Probably yes. Thats why the patch has RFC. I was looking for ideas.
> 
> 1. I remember the name being used for migration, I might be wrong.
> 2. Migration of guests > 4TB is certainly broken ;)
> 
> I wonder if this should rather be handled in the kvm_slot code.
> (silently create an manage two slots)


Re: [Qemu-devel] [PATCH/RFC] s390x: split memory into 4TB chunks
Posted by David Hildenbrand 6 years, 4 months ago
On 06.12.2017 13:06, Christian Borntraeger wrote:
> 
> 
> On 12/06/2017 01:04 PM, David Hildenbrand wrote:
>> On 06.12.2017 13:00, Christian Borntraeger wrote:
>>> KVM does not allow memory regions > KVM_MEM_MAX_NR_PAGES, basically
>>> limiting the memory per slot to 7.999TB. Lets split the base memory
>>> into 4TB chunks to allow go beyond 8TB for a guest.
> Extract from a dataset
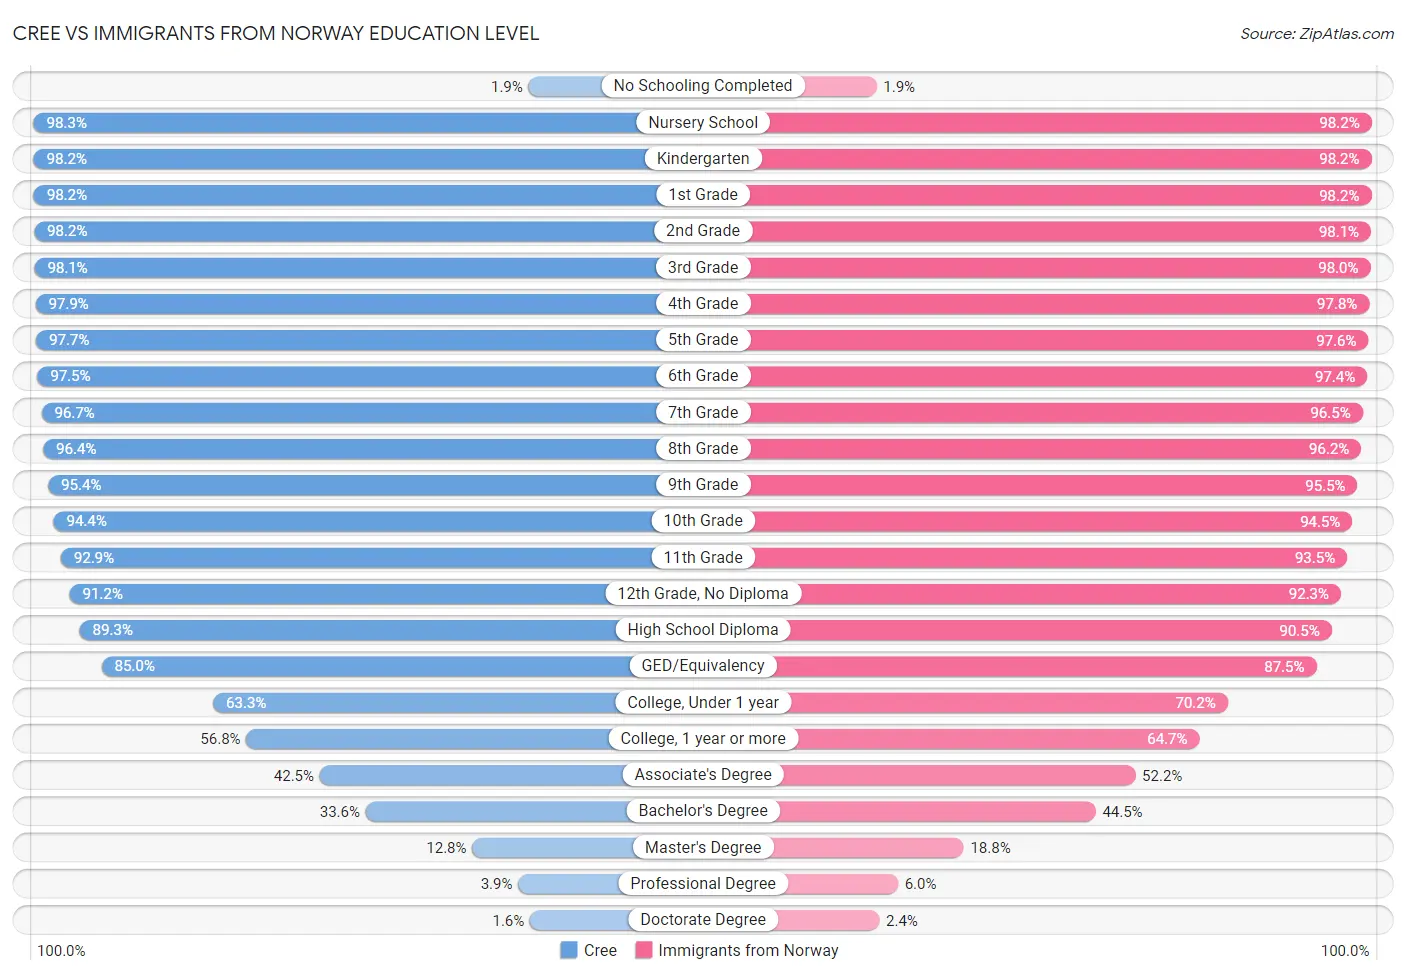 Cree vs Immigrants from Norway Education Level

With that (and
>>> optimistic overcommitment in the kernel) I was able to start  a 59TB
>>> guest on a 1TB system.
>>>
>>> Signed-off-by: Christian Borntraeger <borntraeger@de.ibm.com>
>>> ---
>>>  hw/s390x/s390-virtio-ccw.c | 20 +++++++++++++++++---
>>>  1 file changed, 17 insertions(+), 3 deletions(-)
>>>
>>> diff --git a/hw/s390x/s390-virtio-ccw.c b/hw/s390x/s390-virtio-ccw.c
>>> index 8425534..6735bbb 100644
>>> --- a/hw/s390x/s390-virtio-ccw.c
>>> +++ b/hw/s390x/s390-virtio-ccw.c
>>> @@ -157,11 +157,25 @@ static void virtio_ccw_register_hcalls(void)
>>>  static void s390_memory_init(ram_addr_t mem_size)
>>>  {
>>>      MemoryRegion *sysmem = get_system_memory();
>>> -    MemoryRegion *ram = g_new(MemoryRegion, 1);
>>> +    ram_addr_t chunk, offset;
>>> +    gchar *name;
>>>  
>>>      /* allocate RAM for core */
>>> -    memory_region_allocate_system_memory(ram, NULL, "s390.ram", mem_size);
>>> -    memory_region_add_subregion(sysmem, 0, ram);
>>> +    offset = 0;
>>> +    while (mem_size) {
>>> +        MemoryRegion *ram = g_new(MemoryRegion, 1);
>>> +        chunk = mem_size;
>>> +        /* KVM does not allow memslots >= 8 TB. Lets split into 4TB chunks */> +        if (chunk > 4UL * 1024 * 1024 * 1024 * 1024) {
>>> +            chunk = 4UL * 1024 * 1024 * 1024 * 1024;
>>> +        }
>>> +        name = g_strdup_printf("s390.ram[0x%lx]", offset);
>>> +        memory_region_allocate_system_memory(ram, NULL, name, chunk);
>>> +        memory_region_add_subregion(sysmem, offset, ram);
>>> +        mem_size -= chunk;
>>> +        offset += chunk;
>>> +        g_free(name);
>>> +    }
>>>  
>>>      /* Initialize storage key device */
>>>      s390_skeys_init();
>>>
>>
>> This will most certainly break migration, no?
> 
> Probably yes. Thats why the patch has RFC. I was looking for ideas.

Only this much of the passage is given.